Babies are innocent until they learn enough to reach an age of accountability. The OT god seems not to think so, unless the babies happen to be Hebrew. If this sounds like a modern interpretation of ancient wisdom. be it known that God is the same yesterday, today and tomorrow. What evolved over time was how people saw God–an evolution from a wrathful deity who chooses among people who is worthy of life and liberty to a god who is love, which is a universal possibility.

God’s plan? That’s rich. If God existed I would turn in my atheist position for a misotheist one instead. God’s plan, pfft!

If God was real he’s a real sadistic asshole.

He’s like a kid with a magnifying glass having sport with ants on an ant hill. Guess who the ants are?

Yet Lucifer, Satan, or whatever use to be one of the angels created by God. Was Lucifer a part of God’s plan also? :laughing:

Sounds to me like God delighted in the killing of human beings. Probably took pleasure with it in how it’s portrayed.

Hey, don’t look at me, it’s your religious script not mine.

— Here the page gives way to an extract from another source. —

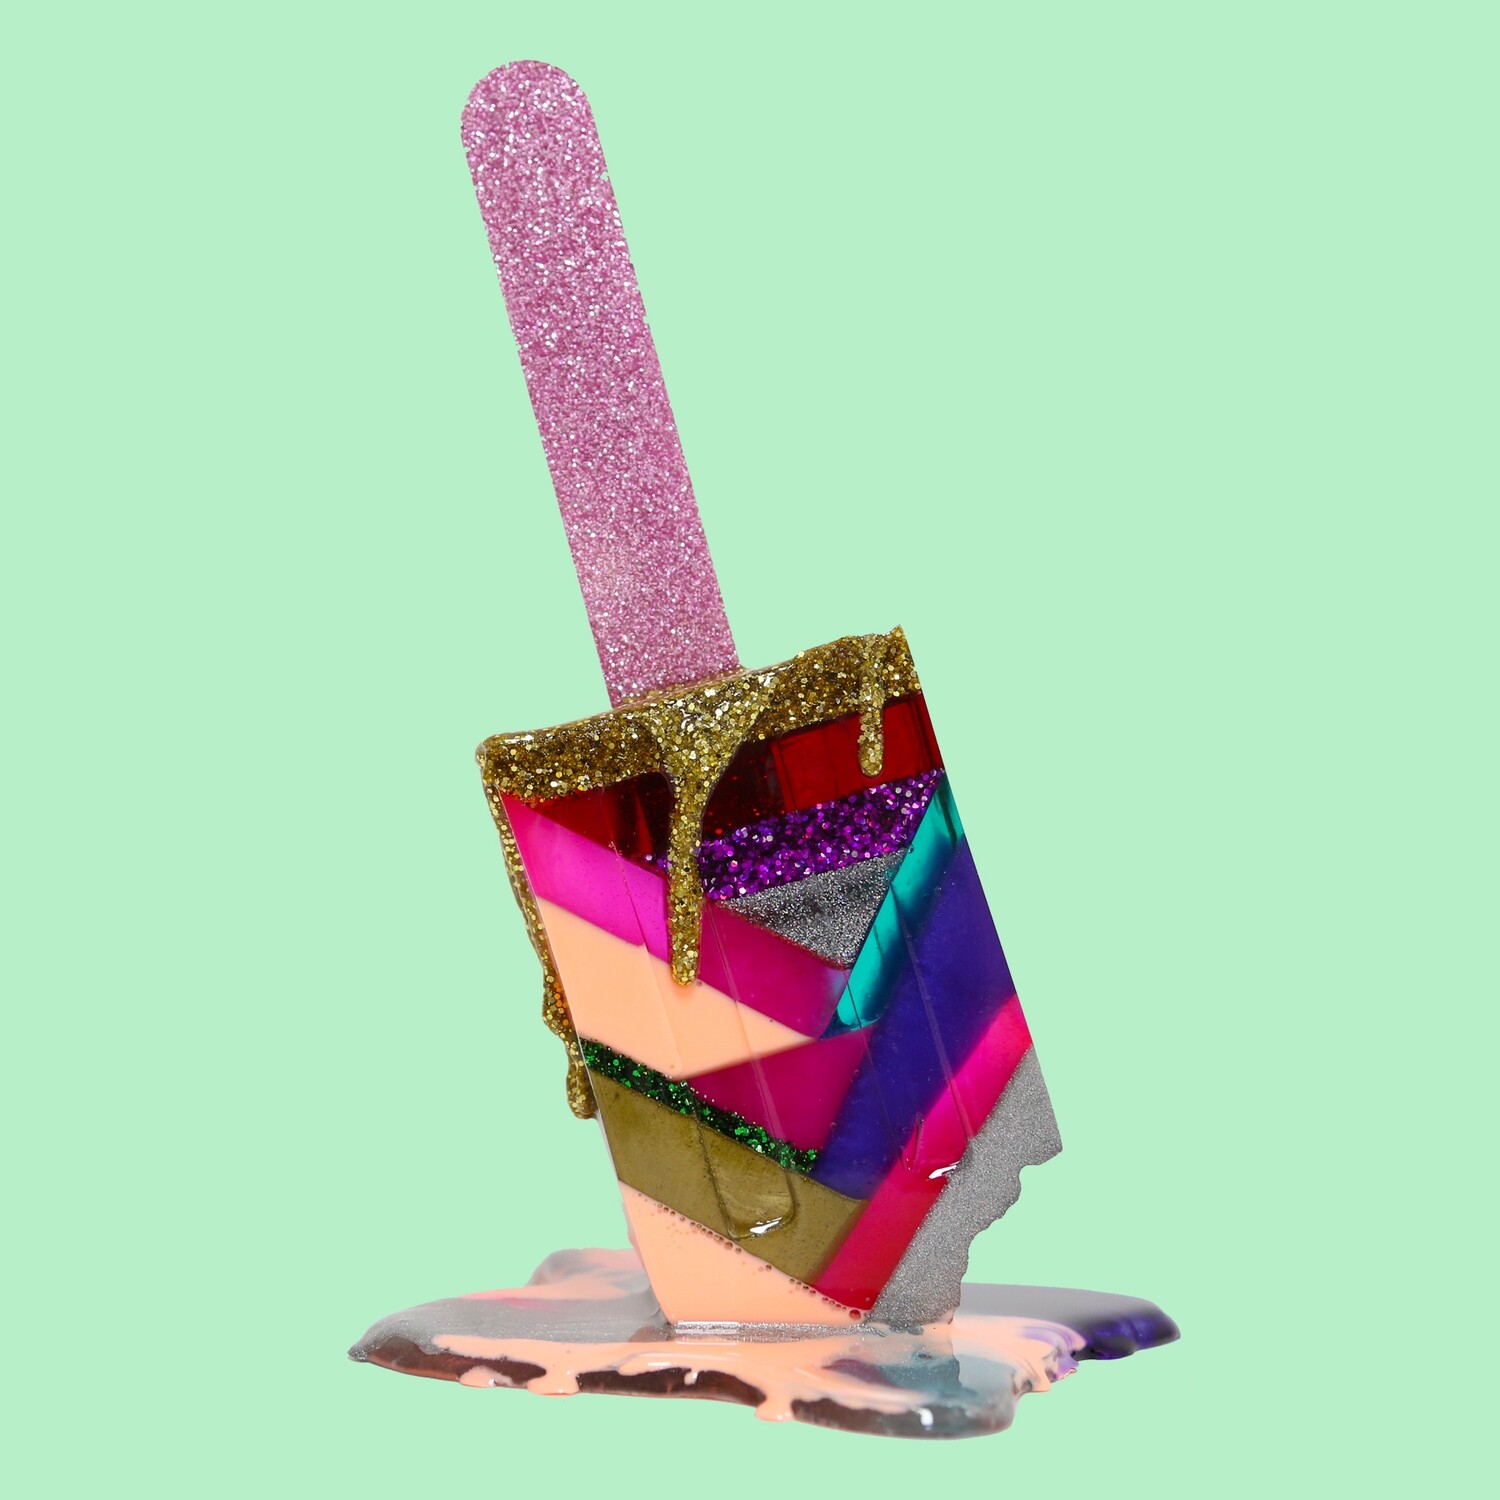 Melting Popsicle Art - Bigger Fresh - Original Melting Pops
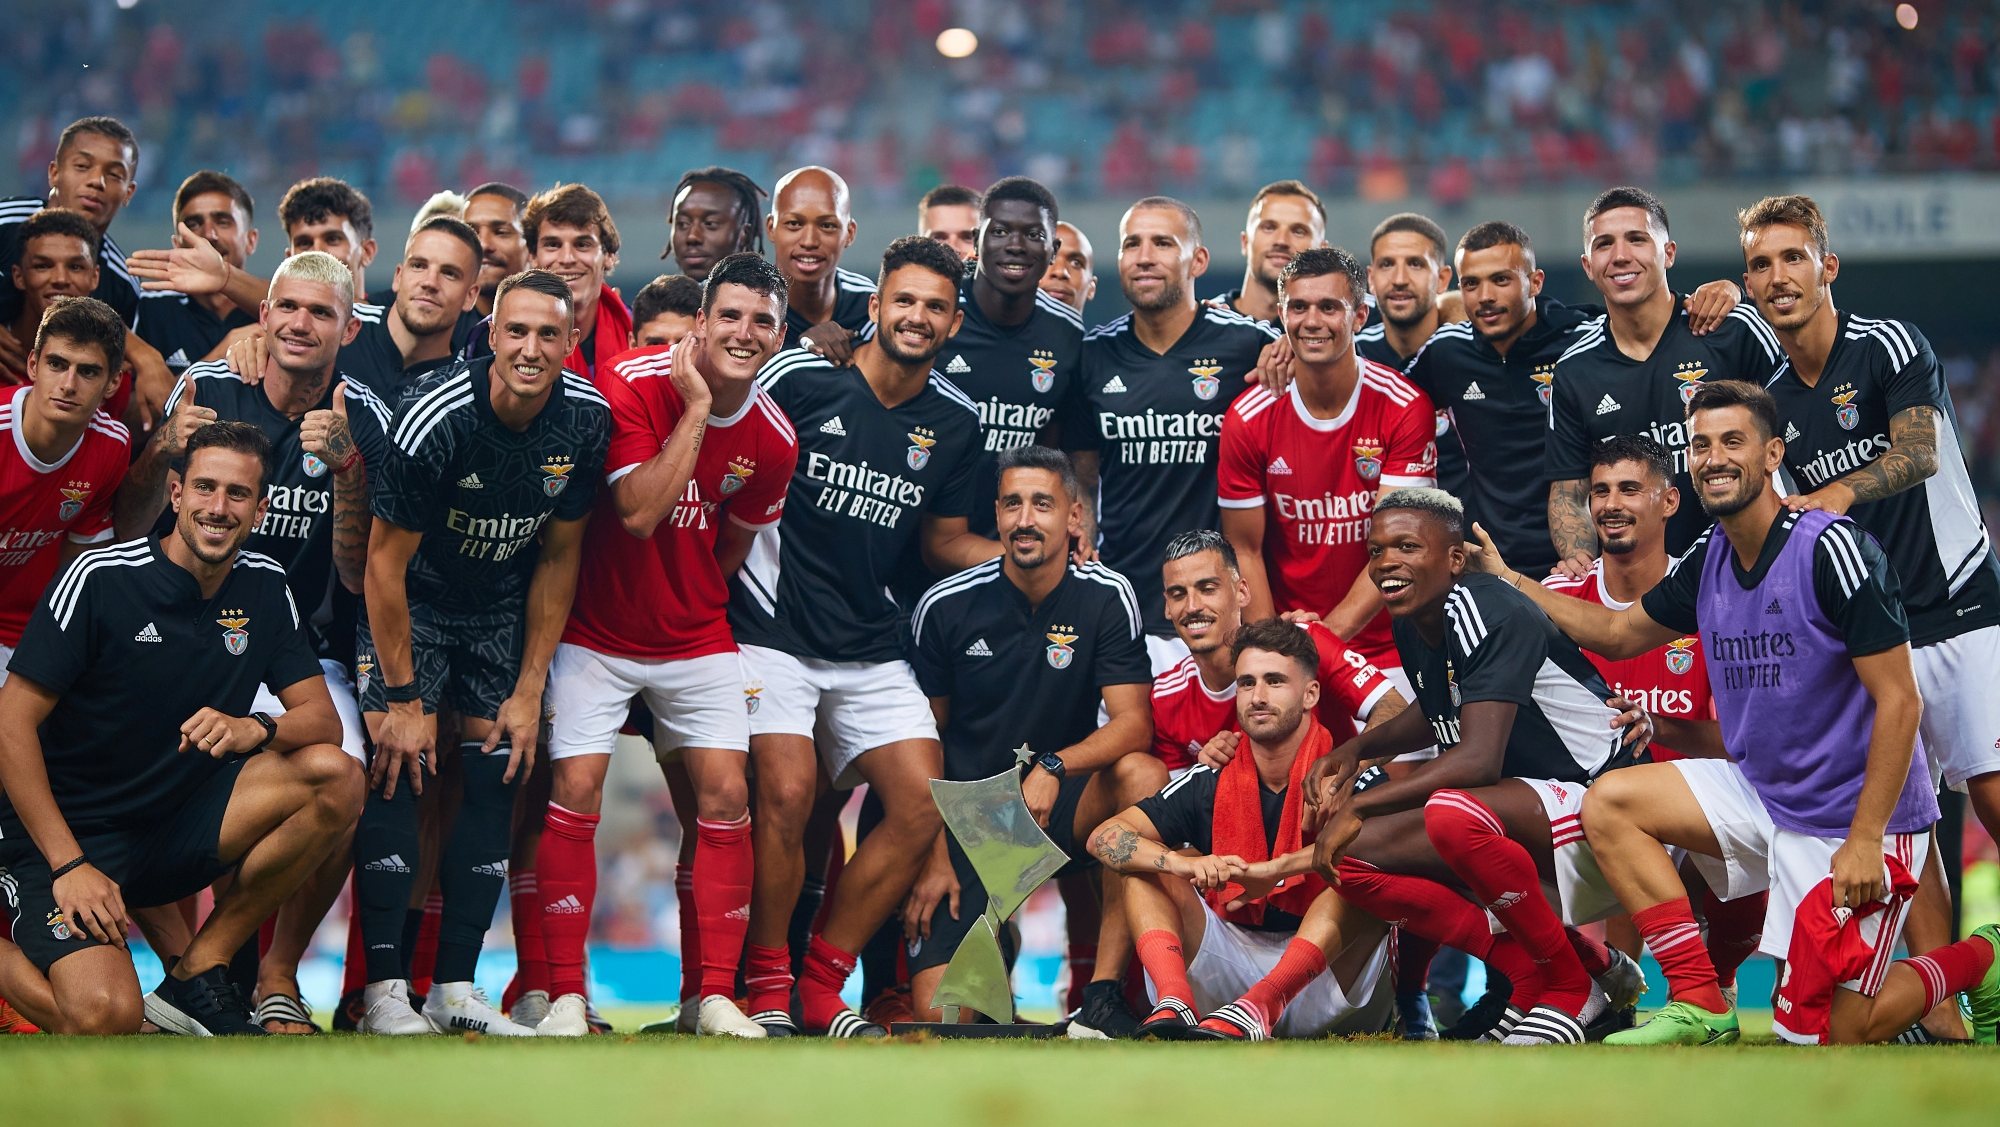 Benfica ganhou os três jogos disputados na pré-temporada até ao momento, conquistando o Troféu do Algarve após bater Nice e Fulham

I’m just a bemused spectator.

Don’t be an idiot We’re talking about a book here that depicts a clear plan on God’s part that you yourself refer to in your opening post. See bolded text.

So please post with substance or don’t post at all. i.e., if you want to talk about God’s plan, and how evil or suffering or whatever fits in, then let’s be clear about what God’s plan is. Let’s make sure we’re criticizing the right thing.

I think my problem with statements made here is that nobody seems to realise that good and evil are characteristics that we create in our minds. It all starts there. We have an idea of good and whatever is the opposite constitutes evil. We have an idea of evil and the opposite is good. The world is made up of such dichotomies and rather than say a god “made” evil, it is more fitting to say “there is evil” in the natural run of things, just as “there is good”. But what is deemed good and evil is in our minds. They differ between neighbours and cultures perhaps, but there seems to be eight commandments that address those problems which we hold in common.

I’m not quite sure where we need a god. Perhaps to take the blame?

That God is needed, shows a posteriori, that it has been a tack record f mankind to need the security of a higher type of father, then the one with which he had to settle for.

But that notwithstanding, evil is the price for life,
under the assumption that everything does have a
price.

Simply that evil reduced to the most common denominator is pain. Without the pain inherent in the
process of living, it would be impossible to gauge the pleasure which is tatamount to relative perceptions of feeling.

Let us not forget, that as with Jacob, so with Job, God did in fact reward Man for his fidelity.